Se los chupó la bruja ("The Witch Suckled Them") is a 1958 Mexican horror comedy film directed by Jaime Salvador and starring the double act Viruta y Capulina (Marco Antonio Campos and Gaspar Henaine), Sonia Furió, and Octávio Arias.

Plot
Viruta and Capulina are two brothers who are trying to invent a system in which water works as a substitute for gas for vehicles. Don Caritino, their landlord, has tried to get their fourteen-month due rent. Viruta and Capulina refuse to pay their due rent, so Don Caritino proposes them to convince their goddaughter Gloria to date him, and he'll let them forget about the rent. But Viruta and Capulina are surprised when they are told they have inherited, along with their cousin Reynaldo, their great uncle's monetary estate and mansion in "El callejón de las ánimas". There is a hidden treasure in the mansion that their great uncle tried to find. The mansion's butler and his wife, urgingly tying to find the treasure, scare Viruta, Capulina, Gloria, and Reynaldo out of the house so that their plan they can go on with their searching. Their luck turns around when Reynaldo calls the sheriff to arrest the butler and his wife. Viruta and Capulina show their water-energy invention to the sheriff in the butler's car, but the butler had poured gasoline into the gas compartment a few moments before. So Capulina lights a match and pours it in, and an explosion occurs.
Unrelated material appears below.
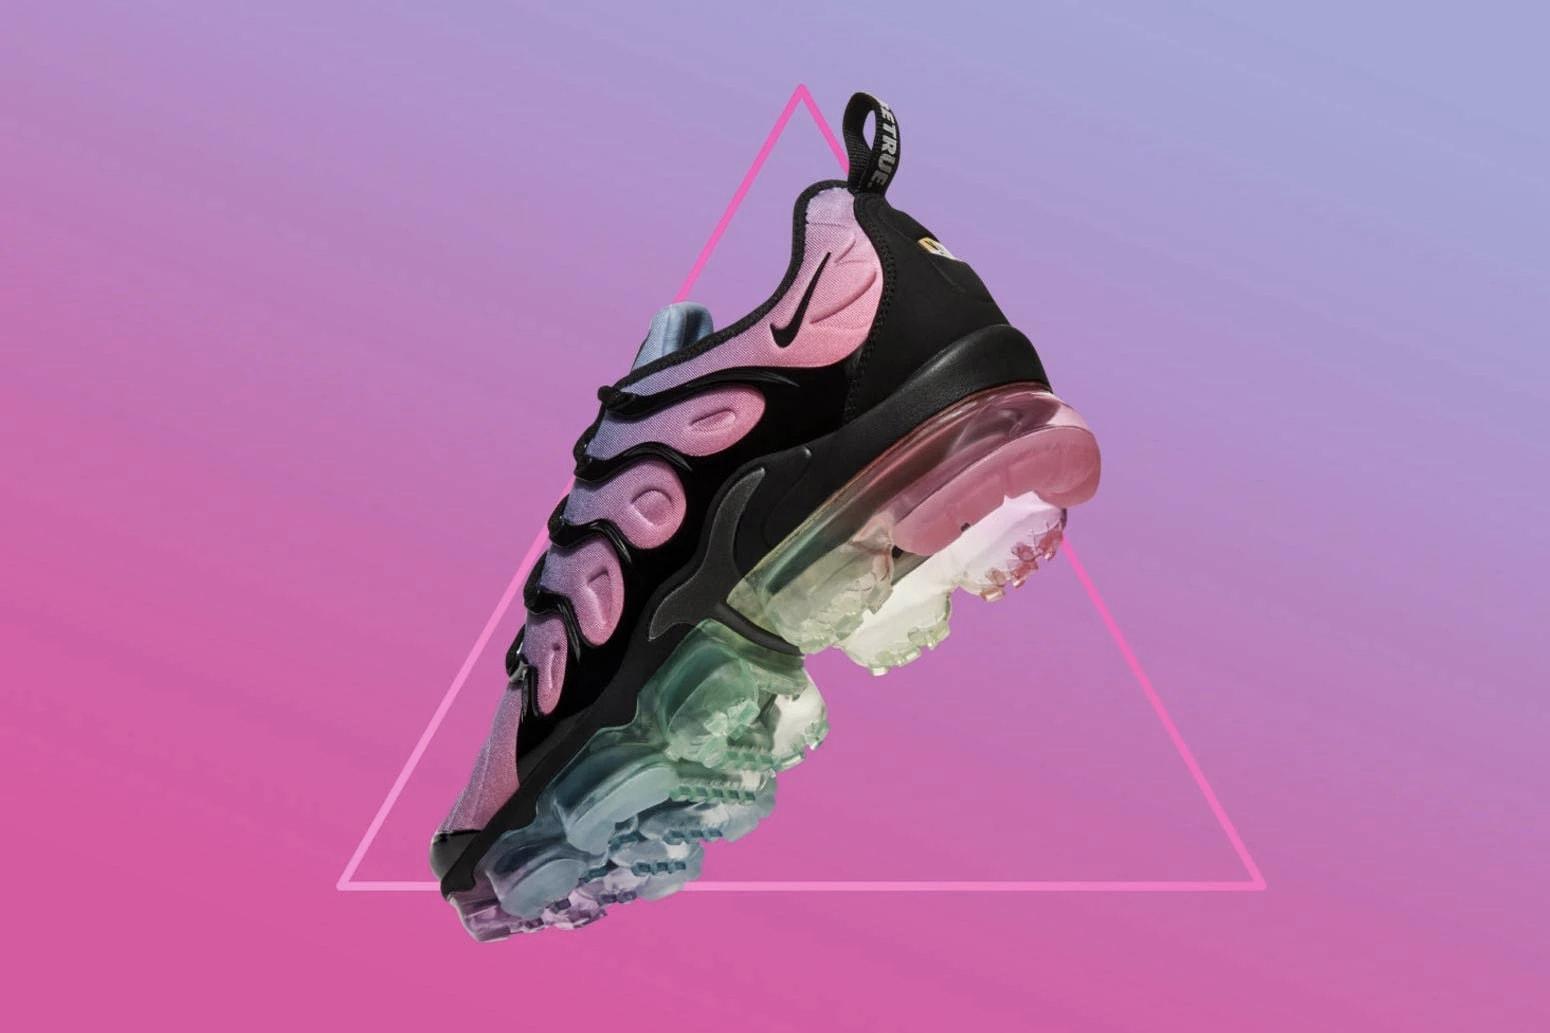 new product 1a388 7c2ae Virgil Abloh x Nike Air Jordan 1 UNC Yeezy 500 Nike BETRUE Pride 2018 Boost  Crayola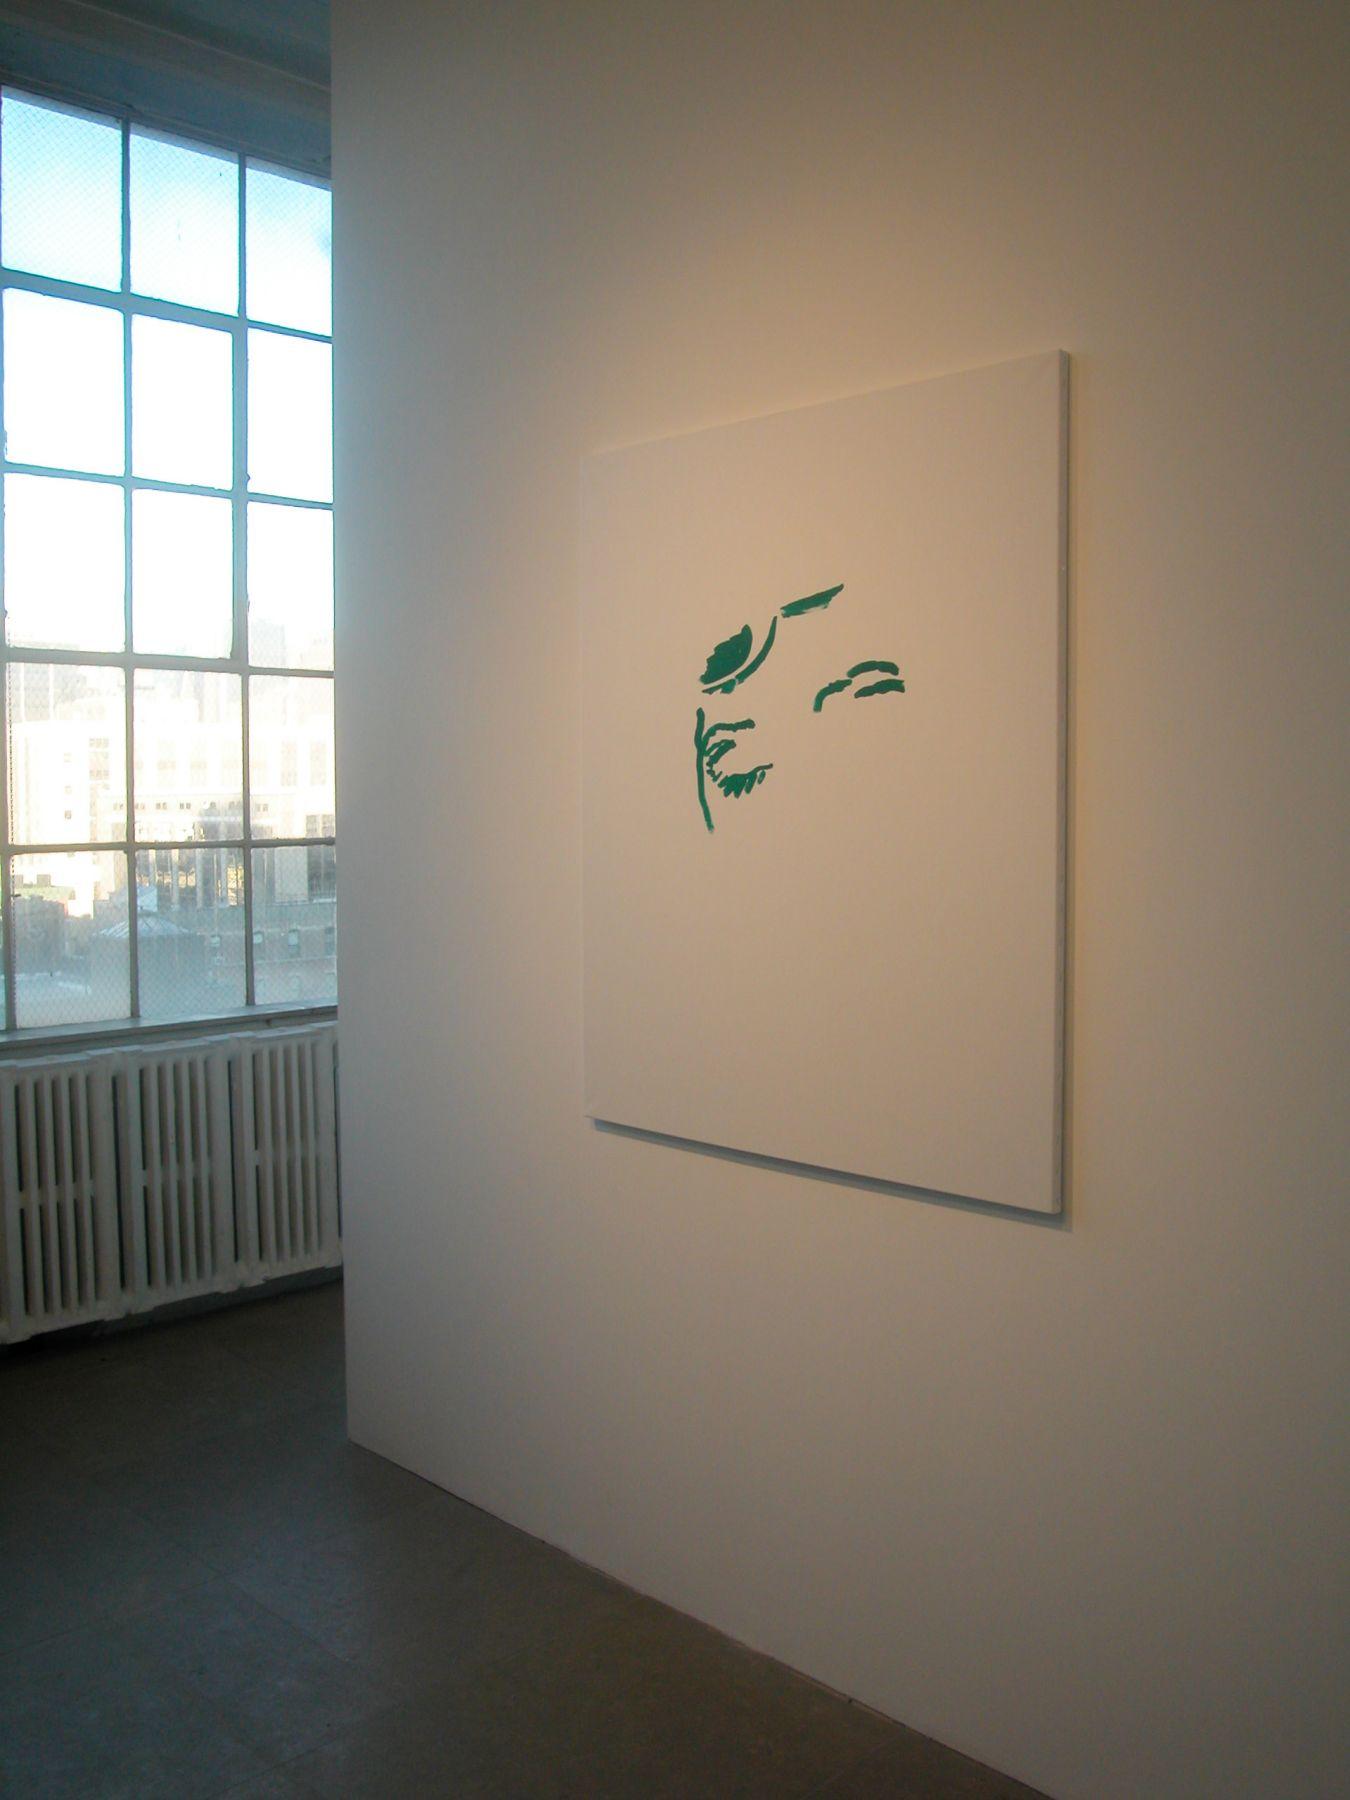 Michael Krebber,  A Ha, 2001,  Oil on canvas,  48 x 39 1/2 inches,  Installation view, Greene Naftali, New York, 2005

The explosion cracked a column where the treasure was hidden, Viruta and Capulina found the treasure and gives some to the sheriff But Reynaldo's greatest treasure is Gloria (Viruta and Capulina's goddaughter), who has developed a romantic relationship with him.

Cast
Marco Antonio Campos as Viruta
Gaspar Henaine as Capulina
Sonia Furió as Gloria
Octávio Arias as Reynaldo
Yerye Beirute as the Superintendent
José Jasso as the Butler
Armando Arriola as don Caritino
Lupe Carriles as the Housekeeper 
Felipe de Flores as Policeman 
Armando Espinosa as Policeman 
Mario García "Harapos" as the Superintendent's secretary
Elia Mendéz as Gloria's personal assistant
Los Tres Caballeros as the musical trio of the Cisne Negro club
Alberto Catalá as Lawyer Bermejo (uncredited)

Reception
Production started and ended in 1957, and the film premiered in the Palacio Chino movie theater on February 26, 1958.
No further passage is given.